[WHAT TO DO]: Entries below include pictures. Output exactly the lines from the one with "City Sunset Wallpaper" down to the one with "ecksofa lennard strukturstoff", both ends included, and leave the pictures out.

[DATA FOR THIS TASK]

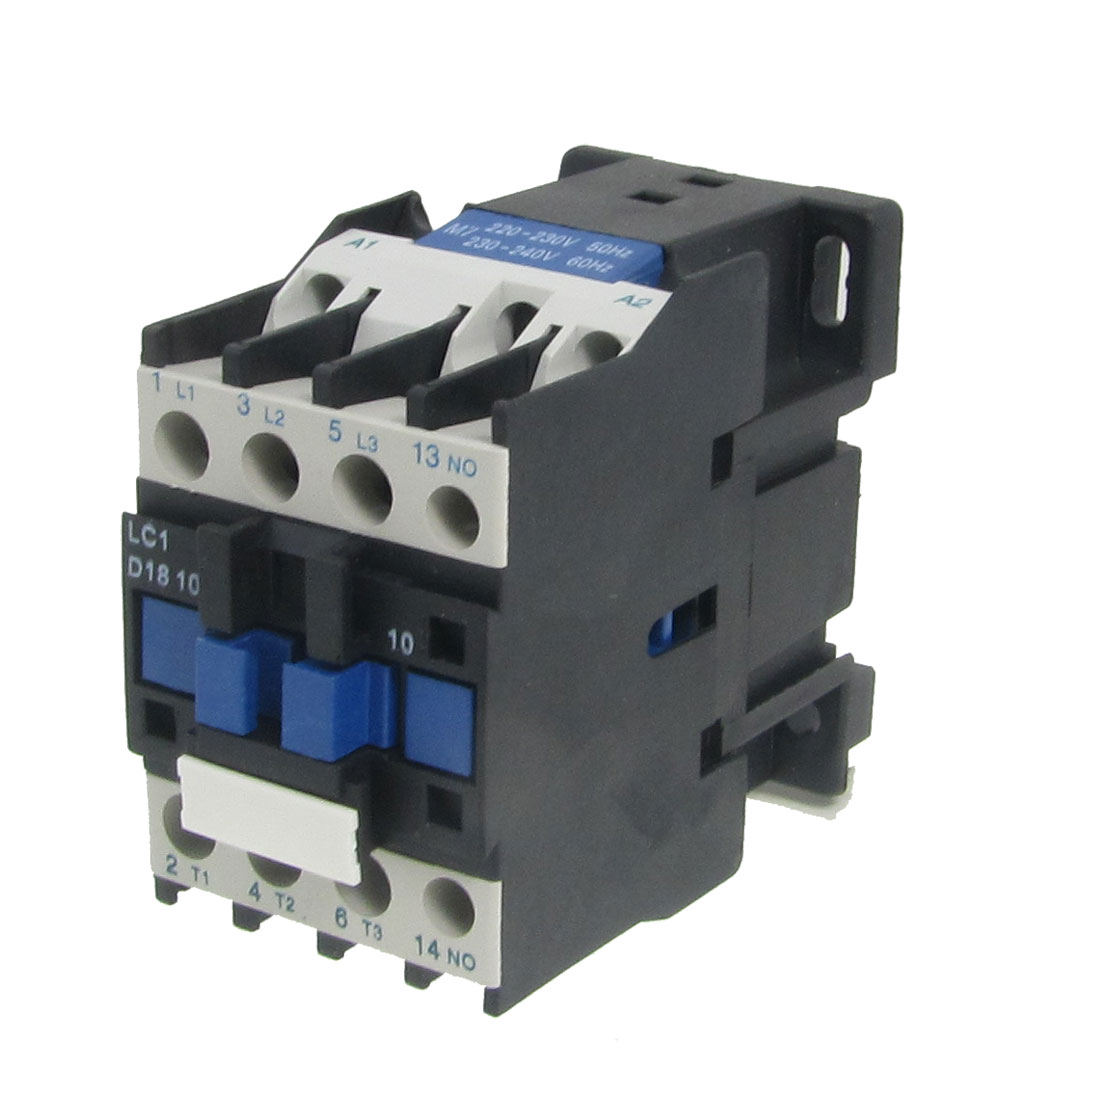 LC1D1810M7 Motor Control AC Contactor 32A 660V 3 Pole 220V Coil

[/DATA FOR THIS TASK]
[DATA FOR THIS TASK]

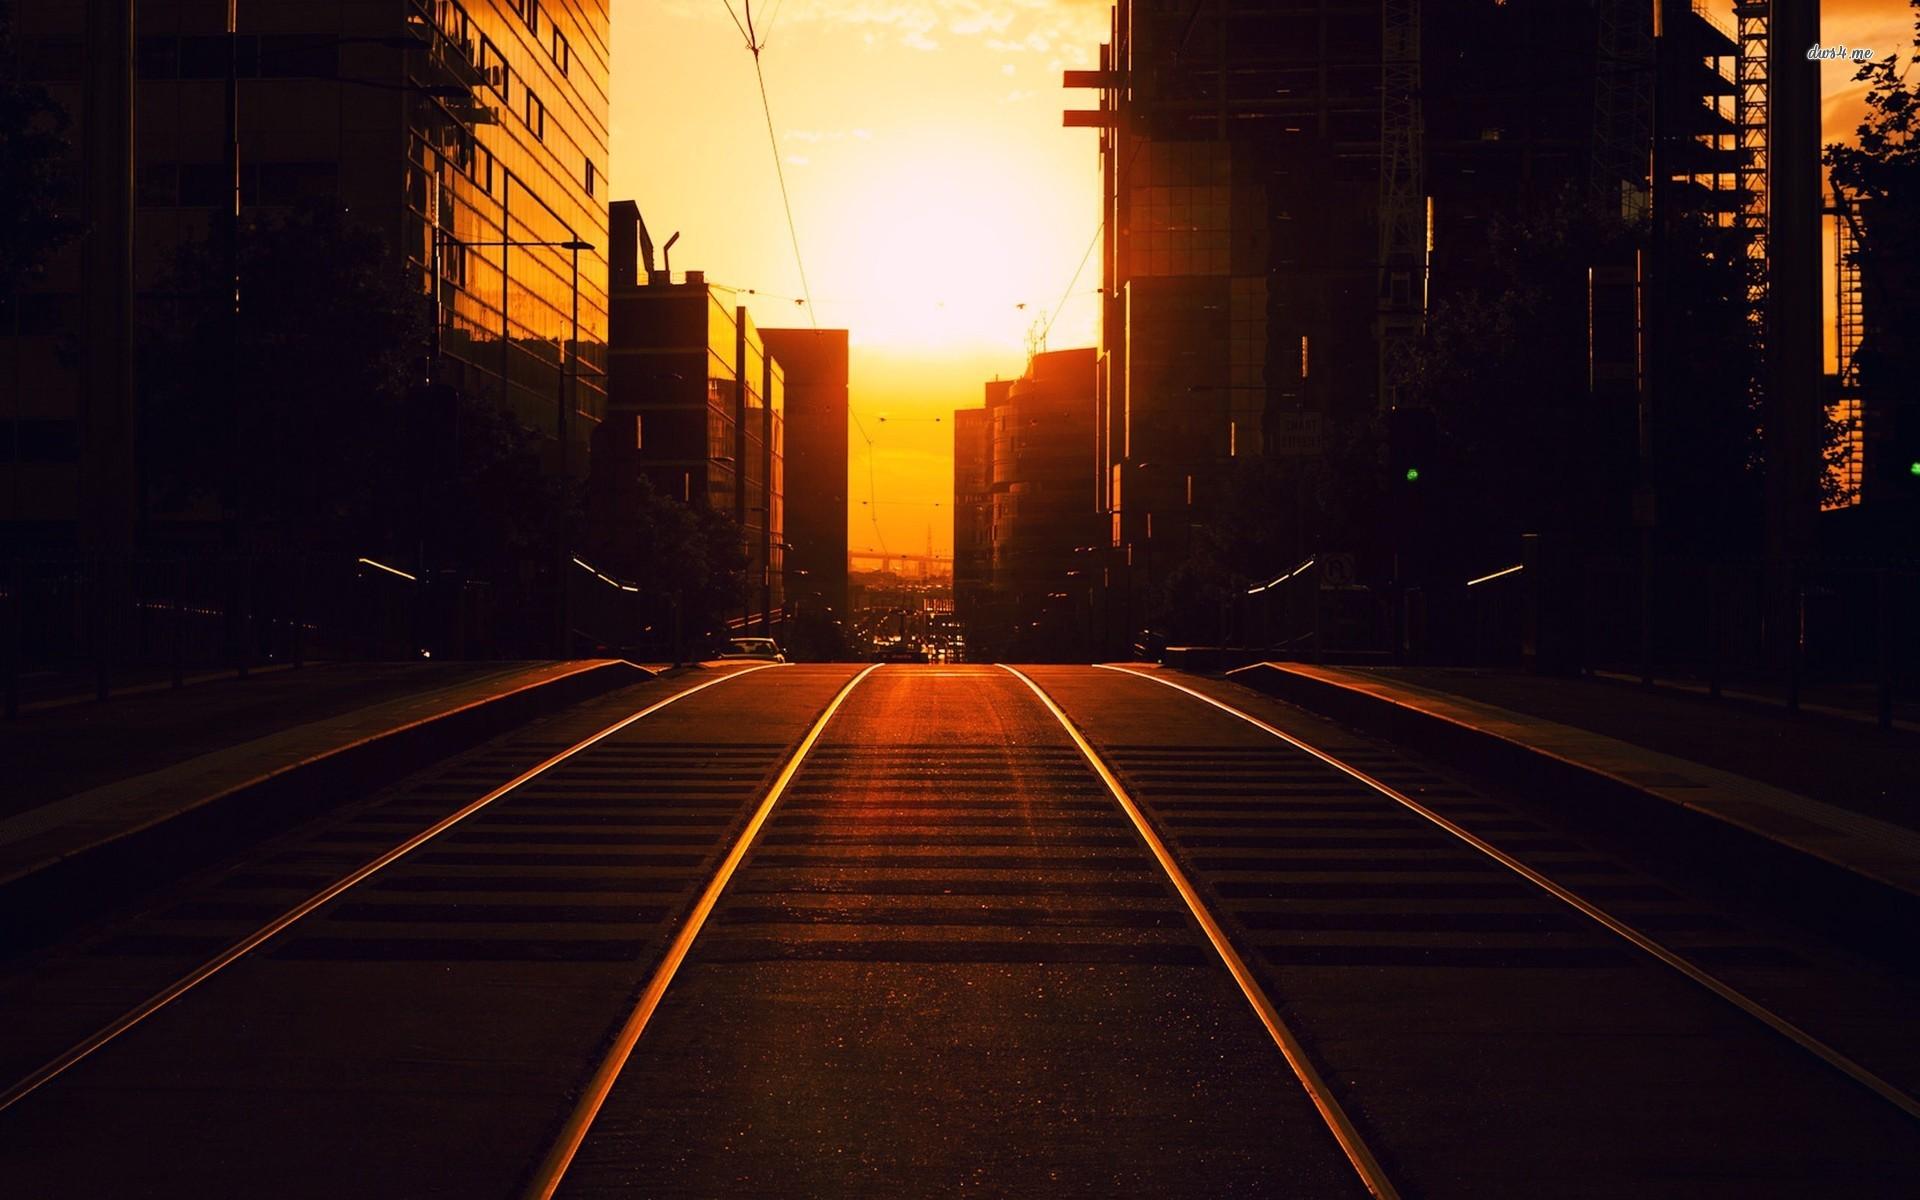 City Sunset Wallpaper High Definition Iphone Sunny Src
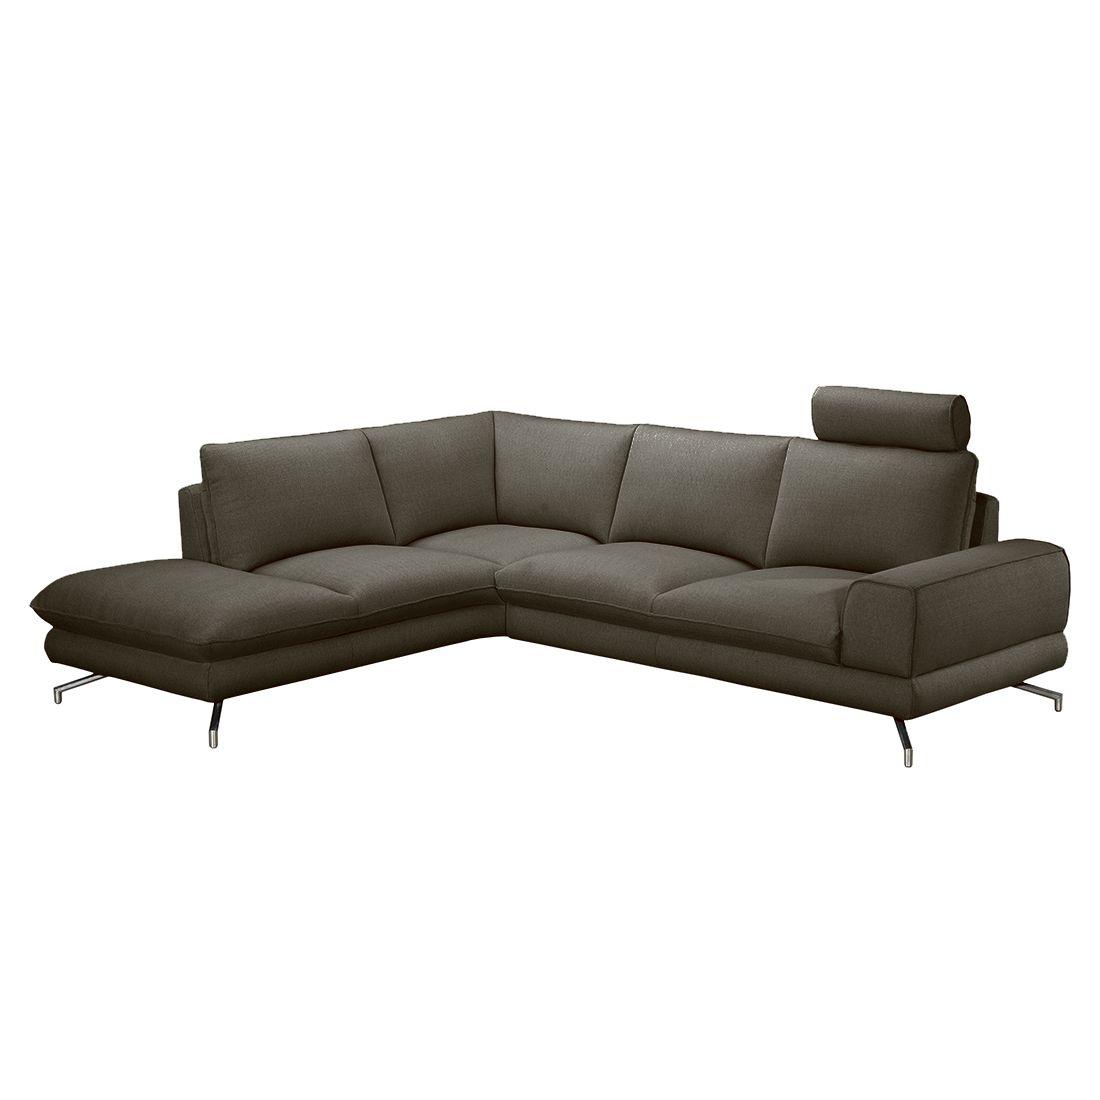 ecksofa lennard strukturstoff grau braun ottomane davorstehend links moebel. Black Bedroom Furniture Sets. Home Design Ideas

[/DATA FOR THIS TASK]

[ANSWER SPACE]:
 City Sunset Wallpaper High Definition Iphone Sunny Src
 ecksofa lennard strukturstoff grau braun ottomane davorstehend links moebel. Black Bedroom Furniture Sets. Home Design Ideas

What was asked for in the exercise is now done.